Description of the task: Set down every entry again word for word, please, but skip the pictures.

══════════

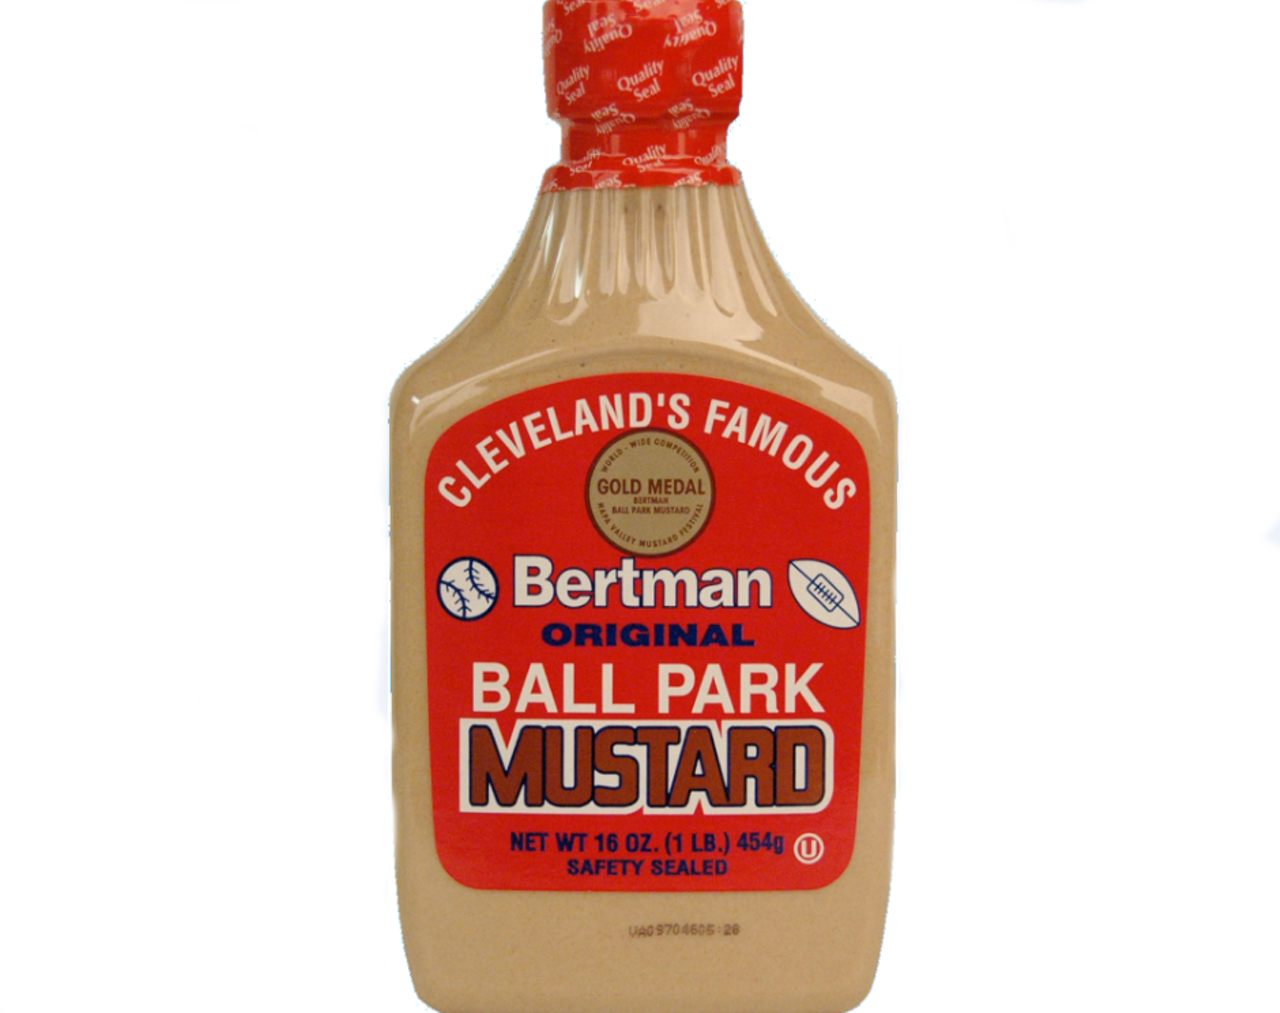 Bertman's Original Ballpark Mustard
What: The brown sauce we grew up with while watching the Tribe at Municipal Stadium, the Jake, and Progressive Field
Why: The sports-associated condiment has deep roots in Cleveland, with Bertman's battling its rival, Authentic Stadium Mustard, for fans' loyalty
Where: Find it smothered on Fat Head's Brewery's Brewben pastrami sandwich or layered on a Happy Dog hot dog topped with Spaghetti-O's as a hat tip to native son Chef Boyardee
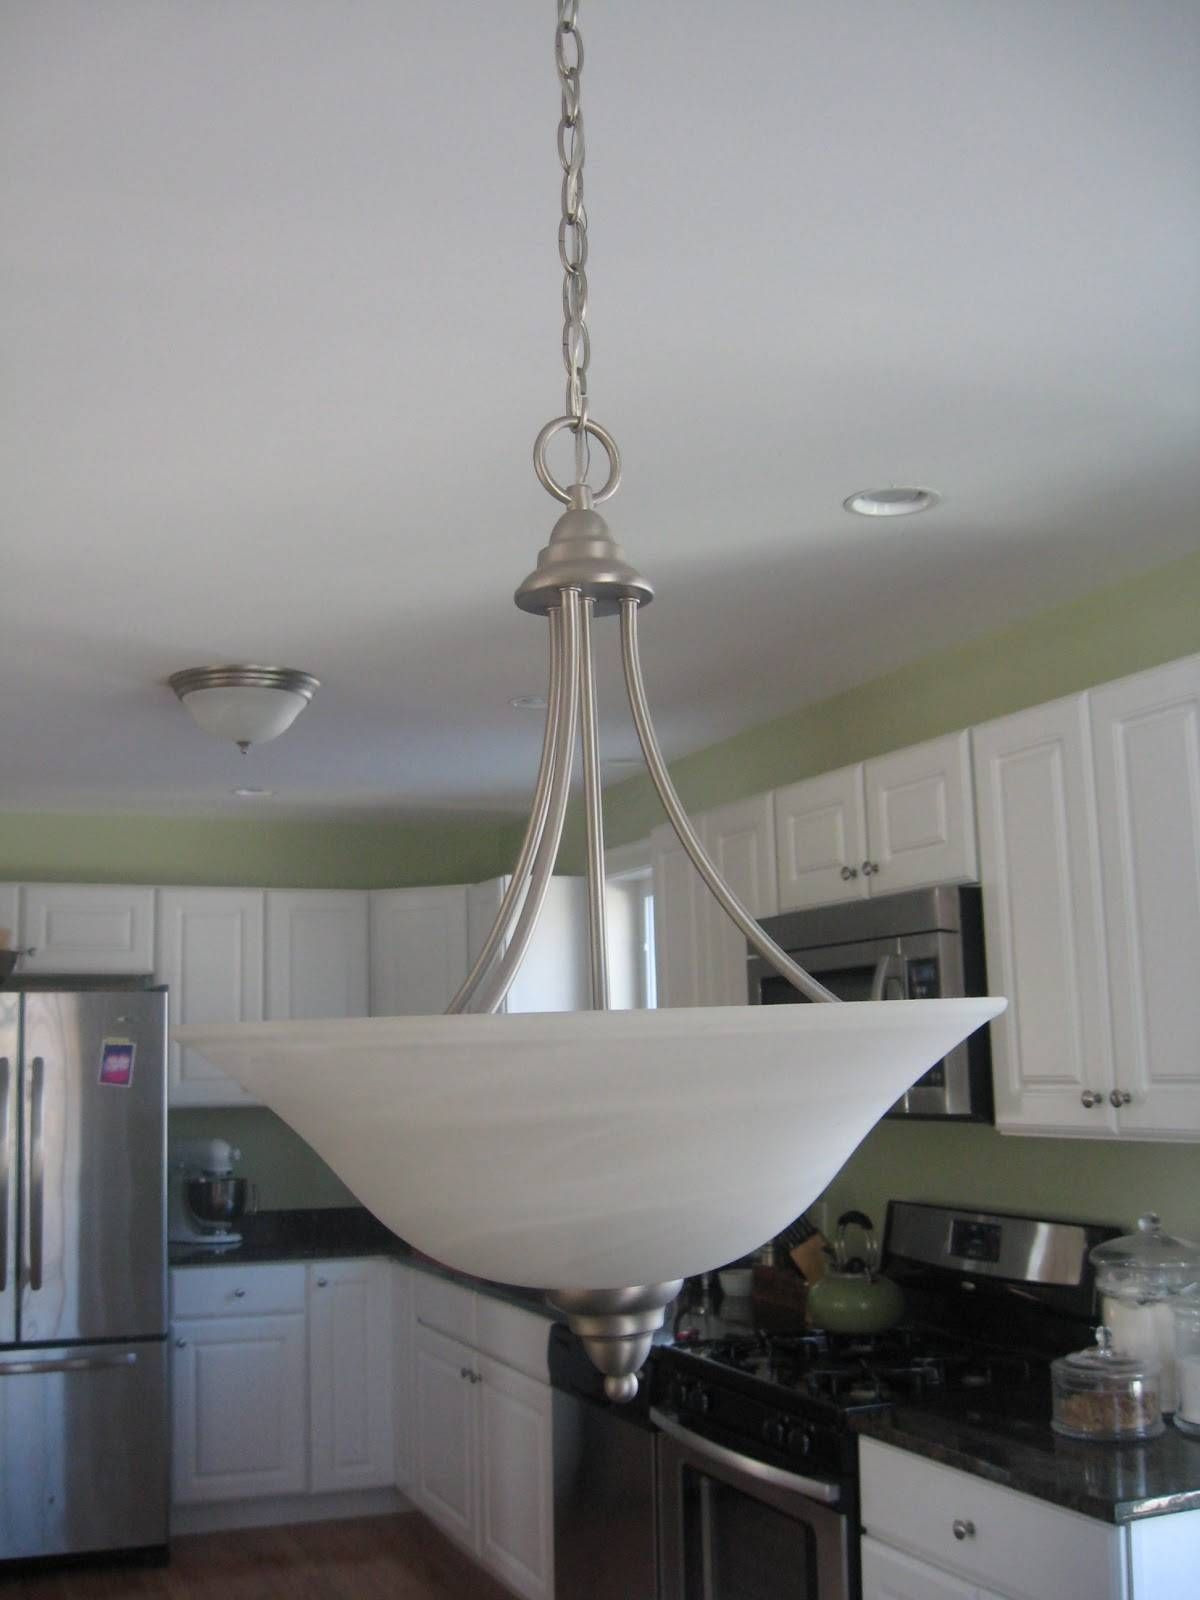 Chandelier: Awesome Kitchen Chandelier Lowes Lowe's Hanging Porch Inside Lowes Kitchen Pendant Lights (View 8 of 15)

══════════

Result for this task:
 Bertman's Original Ballpark Mustard
What: The brown sauce we grew up with while watching the Tribe at Municipal Stadium, the Jake, and Progressive Field
Why: The sports-associated condiment has deep roots in Cleveland, with Bertman's battling its rival, Authentic Stadium Mustard, for fans' loyalty
Where: Find it smothered on Fat Head's Brewery's Brewben pastrami sandwich or layered on a Happy Dog hot dog topped with Spaghetti-O's as a hat tip to native son Chef Boyardee
 Chandelier: Awesome Kitchen Chandelier Lowes Lowe's Hanging Porch Inside Lowes Kitchen Pendant Lights (View 8 of 15)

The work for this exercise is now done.